This pull request implements an auto-redaction feature for PII in chat completions, including support for both non-streaming and streaming responses. The implementation uses a sliding-window buffer to handle placeholders split across stream chunks. The code review identified several critical issues: the redaction logic currently fails open on UTF-8 errors, which poses a security risk of PII leakage; the streaming unredaction state is incorrectly shared across multiple choices and reasoning fields, which will lead to data corruption during interleaved streams; and the response parsing for the PII detector should be more robust against duplicate indices.

Comment on lines +125 to +130
if let Ok(s) = std::str::from_utf8(&bytes[cursor..span.start]) {
out.push_str(s);
} else {
// Non-UTF8 boundary; refuse to redact this fragment safely.
return text.to_string();
}
Copy link
Copy Markdown
Contributor

Choose a reason for hiding this comment

The reason will be displayed to describe this comment to others. Learn more.

security-critical critical

The current implementation of redact_one silently returns the original unredacted text if it encounters a UTF-8 boundary error or a malformed span. This is a security risk as it leaks PII when redaction was explicitly requested.
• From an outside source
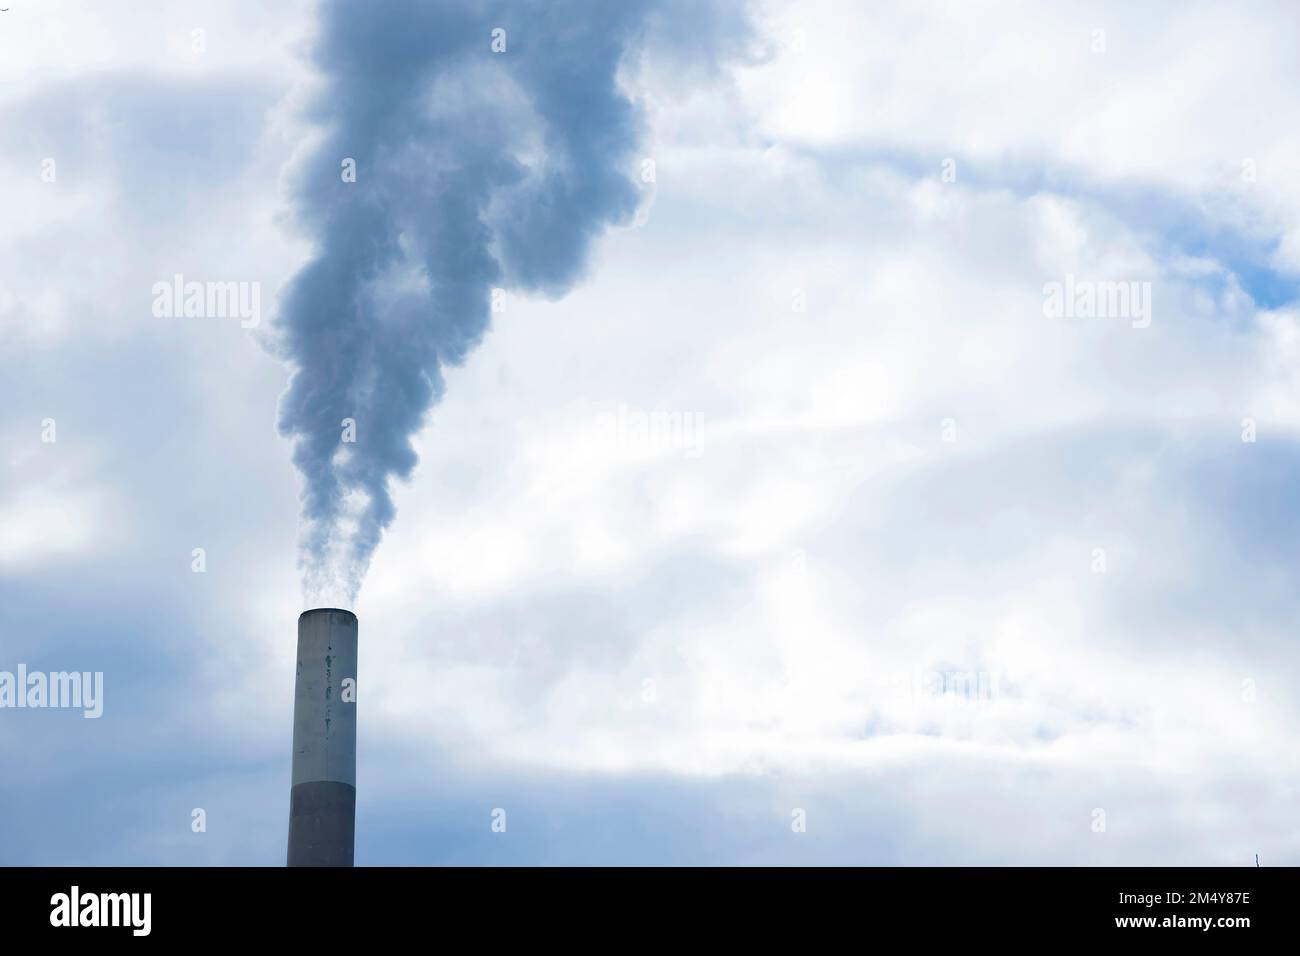 Industrial chimney, thermal power plant, pollution in the air, steam cooling tower in Graz, Styria region, Austria. Stock Photo

The function should return a Result and the caller should fail the request (fail-closed) if redaction cannot be performed safely, honoring the privacy guarantee the user opted into.

Comment thread crates/api/src/routes/completions.rs Outdated
Comment on lines +565 to +570
let content_unredact = Arc::new(tokio::sync::Mutex::new(StreamUnredact::new(
redaction_map.clone(),
)));
let reasoning_unredact = Arc::new(tokio::sync::Mutex::new(StreamUnredact::new(
redaction_map.clone(),
)));
Copy link
Copy Markdown
Contributor

Choose a reason for hiding this comment

The reason will be displayed to describe this comment to others. Learn more.

high

The StreamUnredact instances are shared across all choices in the stream. If the request has n > 1, the provider may interleave chunks for different choices. Since StreamUnredact maintains a tail buffer for partial placeholders, interleaving chunks from different choices will corrupt the state and lead to incorrect un-redaction or data corruption. Unredacter state must be maintained per choice index to ensure correctness for multi-choice streaming.

Comment on lines +102 to +111
out[item.index] = item
.spans
.into_iter()
.map(|s| Span {
category: s.category,
start: s.start,
end: s.end,
text: s.text,
})
.collect();
Copy link
Copy Markdown
Contributor

Choose a reason for hiding this comment

The reason will be displayed to describe this comment to others. Learn more.

medium

If the privacy-filter model returns multiple entries in data for the same index, the current logic overwrites the previous spans for that index. It is safer to extend the vector to ensure all detected spans are captured.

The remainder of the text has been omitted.